What you are asked to do —
Nothing in the listing should be altered when it is copied, and no picture goes into the copy.

Recorded data —

● ● ● ● ●

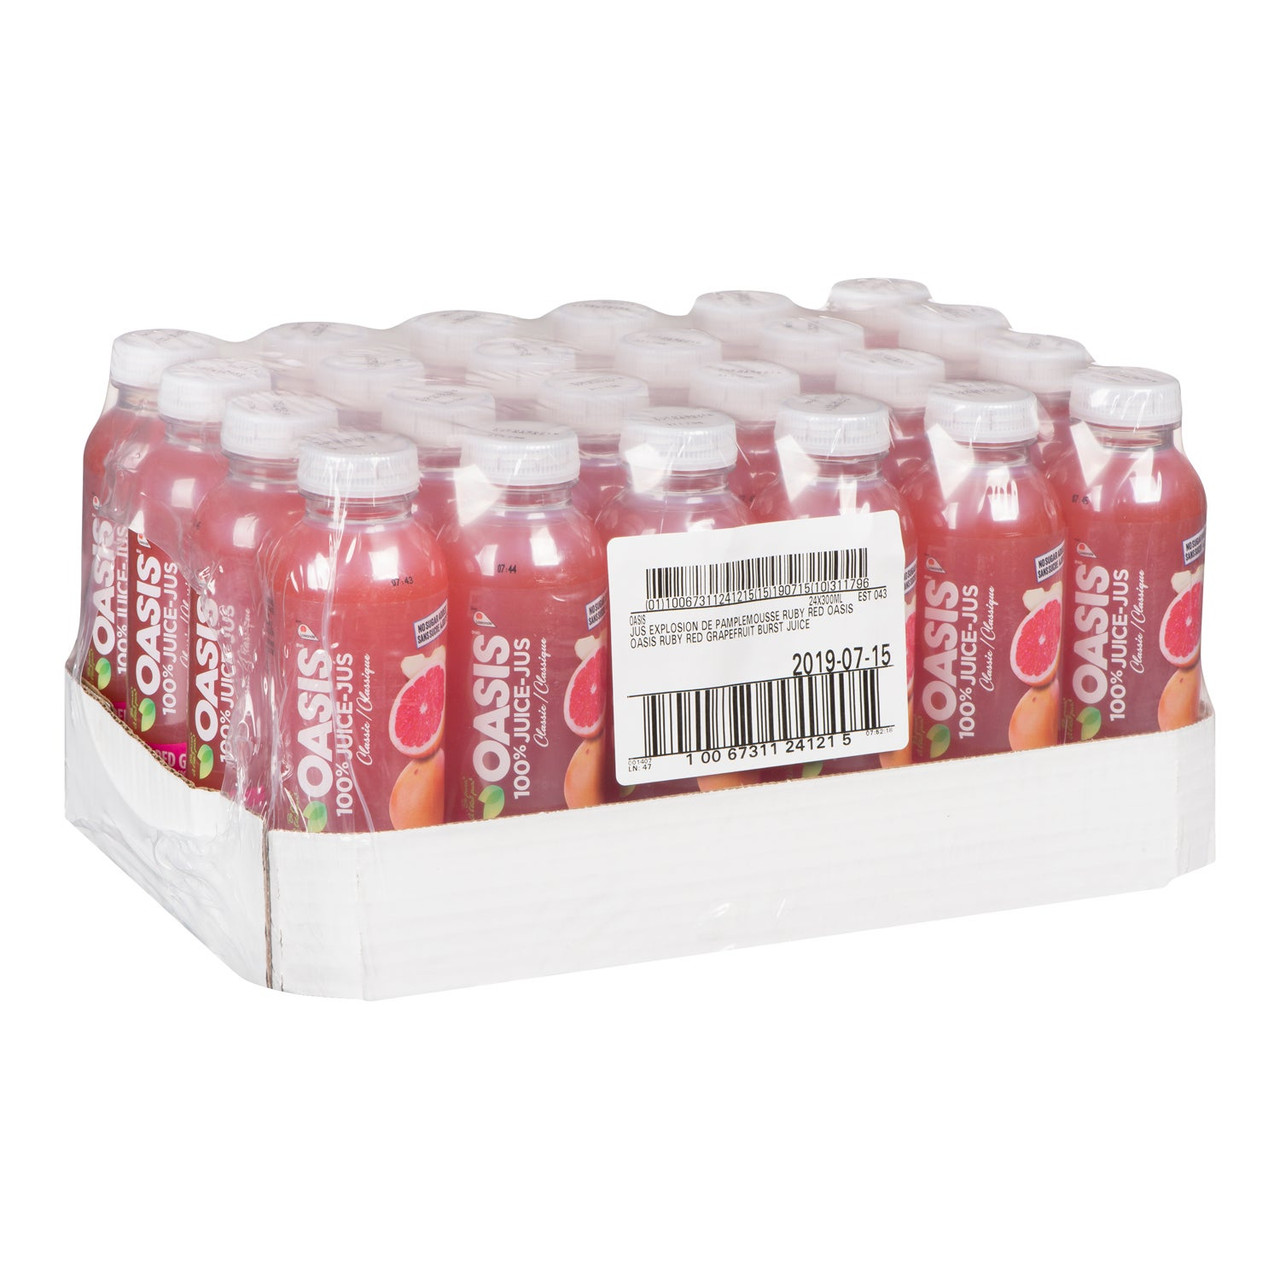 Oasis Ruby Red Grapefruit Juice, 100 Percent, Pet | 300ML/Unit, 24 Units/Case
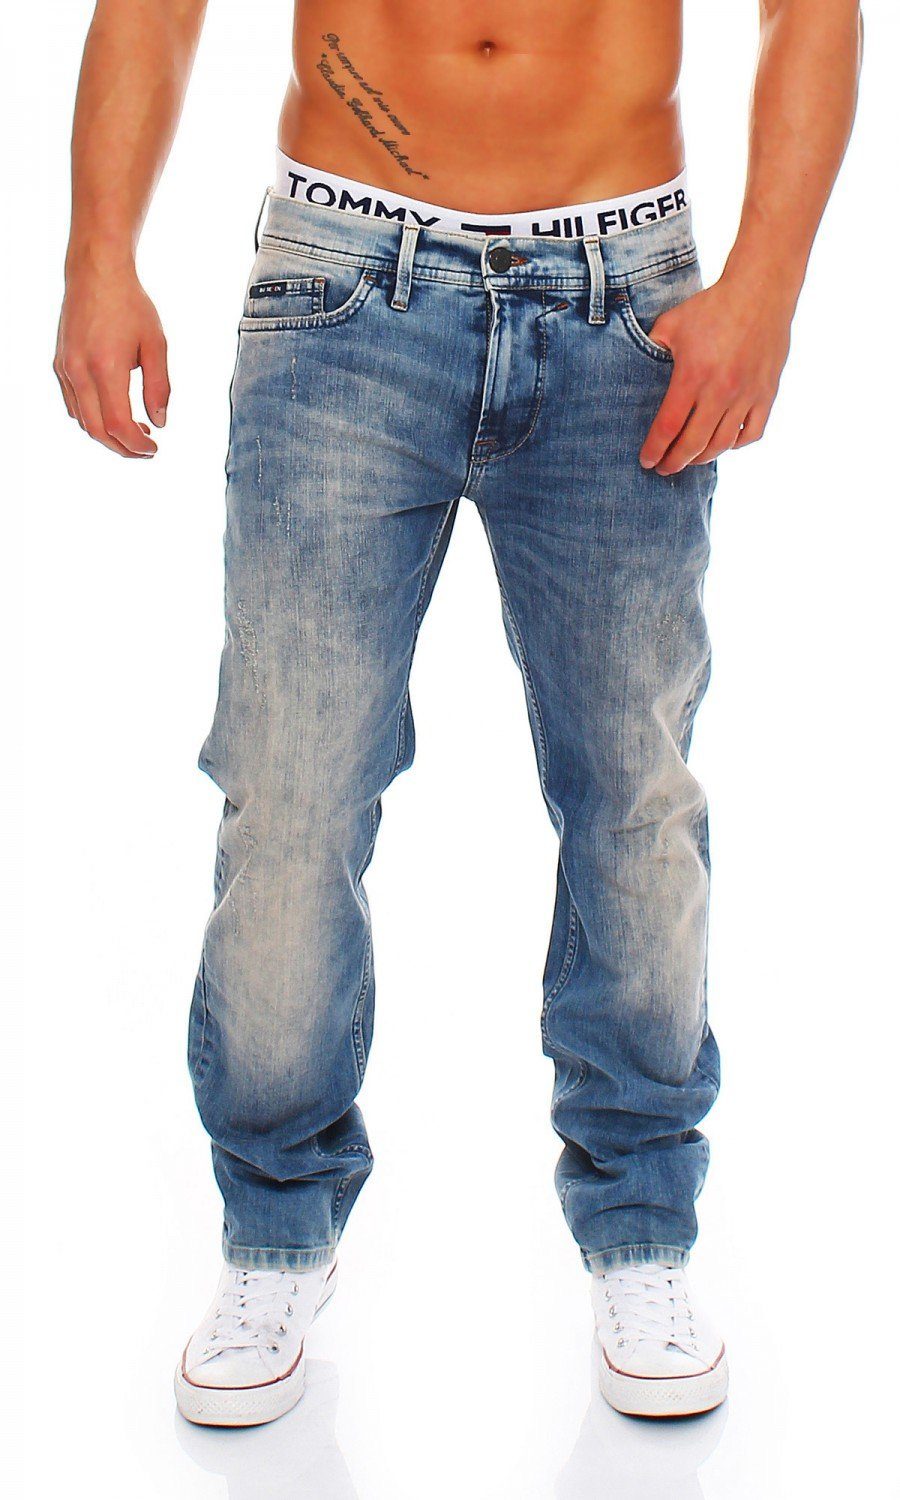 Ganz neu AUS! Big Seven Regular-fit-Jeans Morris Hose Seven Vintage Aged Herren Big Fit Jeans Regular
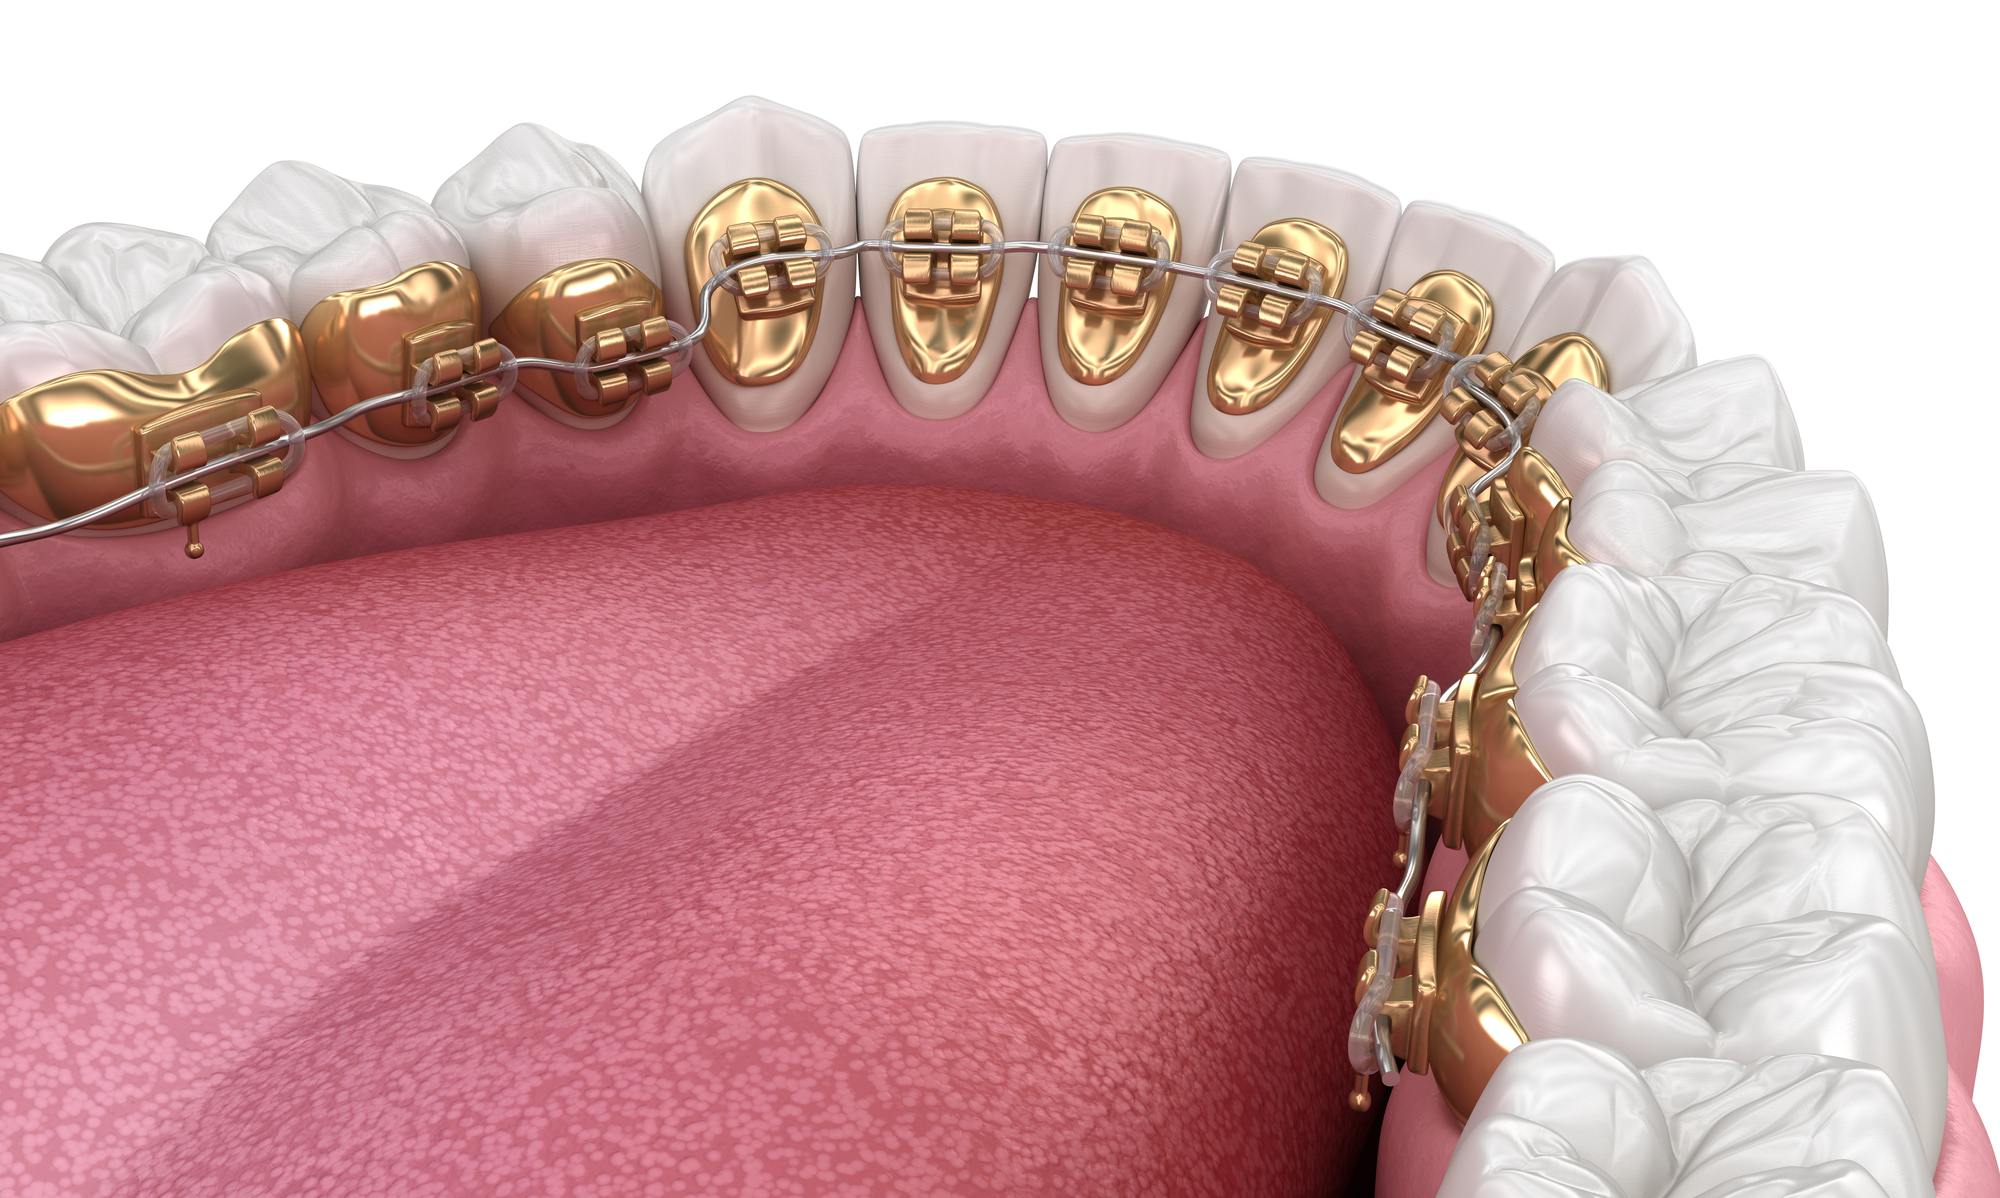 יישור שיניים פנימי - גשר המתוקן בחלק הפנימי של השיניים

● ● ● ● ●

Result of the exercise —
 Oasis Ruby Red Grapefruit Juice, 100 Percent, Pet | 300ML/Unit, 24 Units/Case
 Ganz neu AUS! Big Seven Regular-fit-Jeans Morris Hose Seven Vintage Aged Herren Big Fit Jeans Regular
 יישור שיניים פנימי - גשר המתוקן בחלק הפנימי של השיניים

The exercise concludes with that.